Dessa forma, o comportamento ético e moral perante a sociedade, as pessoas e as instituições também é alterado. O desenvolvimento da confiança mútua é dificultado, tornando cada vez mais árduo estabelecer um grau de representatividade e participação na comunidade. Rico enxerga esse dilema: ao mesmo tempo que tenta seguir e transmitir para seus filhos os valores éticos de trabalho que aprendeu com seu pai, percebe que existe um abismo entre a teoria e a prática, sendo incapaz de estabelecer em sua própria rotina o juízo moral que lhe fora ensinado.
Os valores, para Rico, se transformam em um caso de nostalgia que são retomados por ele para que tente guiar sua vida, ao mesmo tempo que não consegue estabelecer-se para seus filhos como um exemplo a ser seguido, já que a linearidade e estabilidade já não acompanham mais as narrativas cotidianas. Para Richard Sennett, a existência de Rico, assim como de todos, está à deriva.

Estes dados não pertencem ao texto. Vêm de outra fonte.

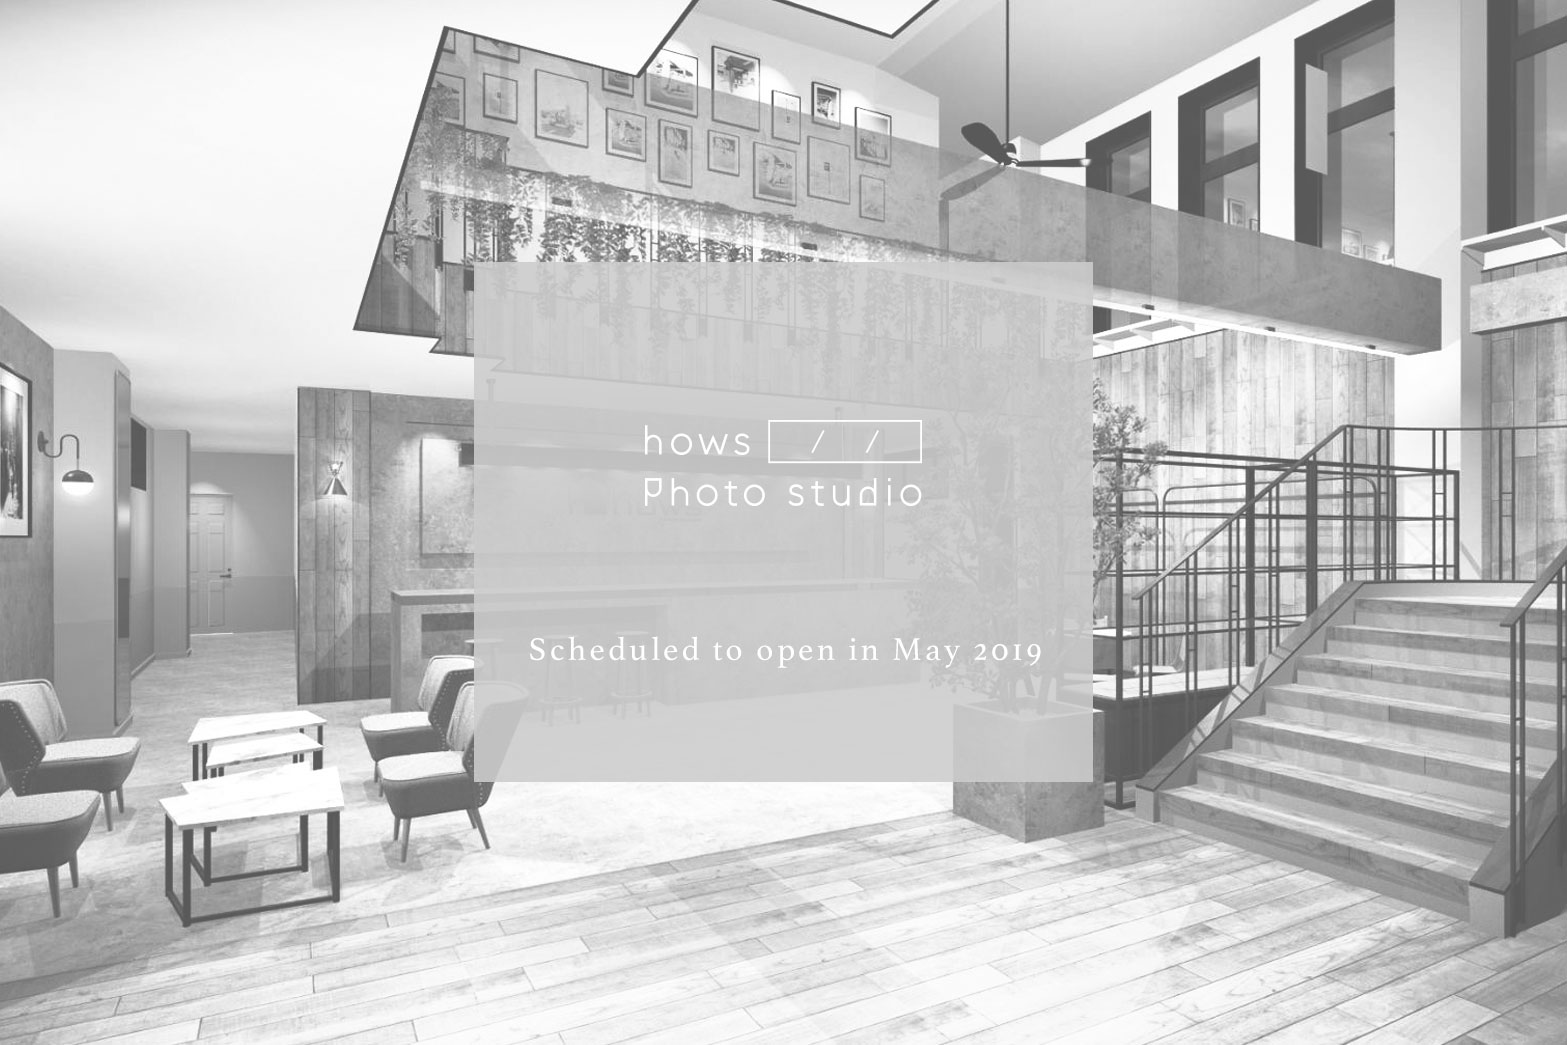 新しいスタジオをお見せするのが楽しみです。

Justamente esse reinvestimento em conceitos que tratam sobre a autarquia e o individualismo condizem com o atual mercado de trabalho, que foi potencializado pela pandemia, e a aceleração que ela trouxe na digitalização das funções. O modelo que já vinha separando os trabalhadores em filiais mais enxutas da empresa agora permite com que cada um fique em casa, transformando o indivíduo em uma ilha e afirmando ainda mais a impessoalidade perante seus colegas, aumentando a competitividade, como já alertava o sociólogo Ricardo Antunes.
Os discursos sedutores de conservar a si mesmo se inserem na lógica da indiferença que observamos atualmente. Da mesma forma que é uma ferramenta utilizada para corroborar o discurso da autogestão e do prazer como noções de liberdade, ambos valorizados pela hipermodernidade. O resultado é um esvaziamento das doutrinas helênicas, de seu contexto histórico e, mais importante, dos reais problemas filosóficos que os pensadores buscavam responder.
Referências
LIPOVETSKY, Gilles. A Era do Vazio. Lisboa: Edições 70. 1ª edição.
ANTISERI, Dario; REALE, Giovanni. Filosofia: Antiguidade e Idade Média. São Paulo: Paulus Editora. 1ª edição.
SENNETT, Richard. A Corrosão do Caráter. Rio de Janeiro: Record. 21ª edição.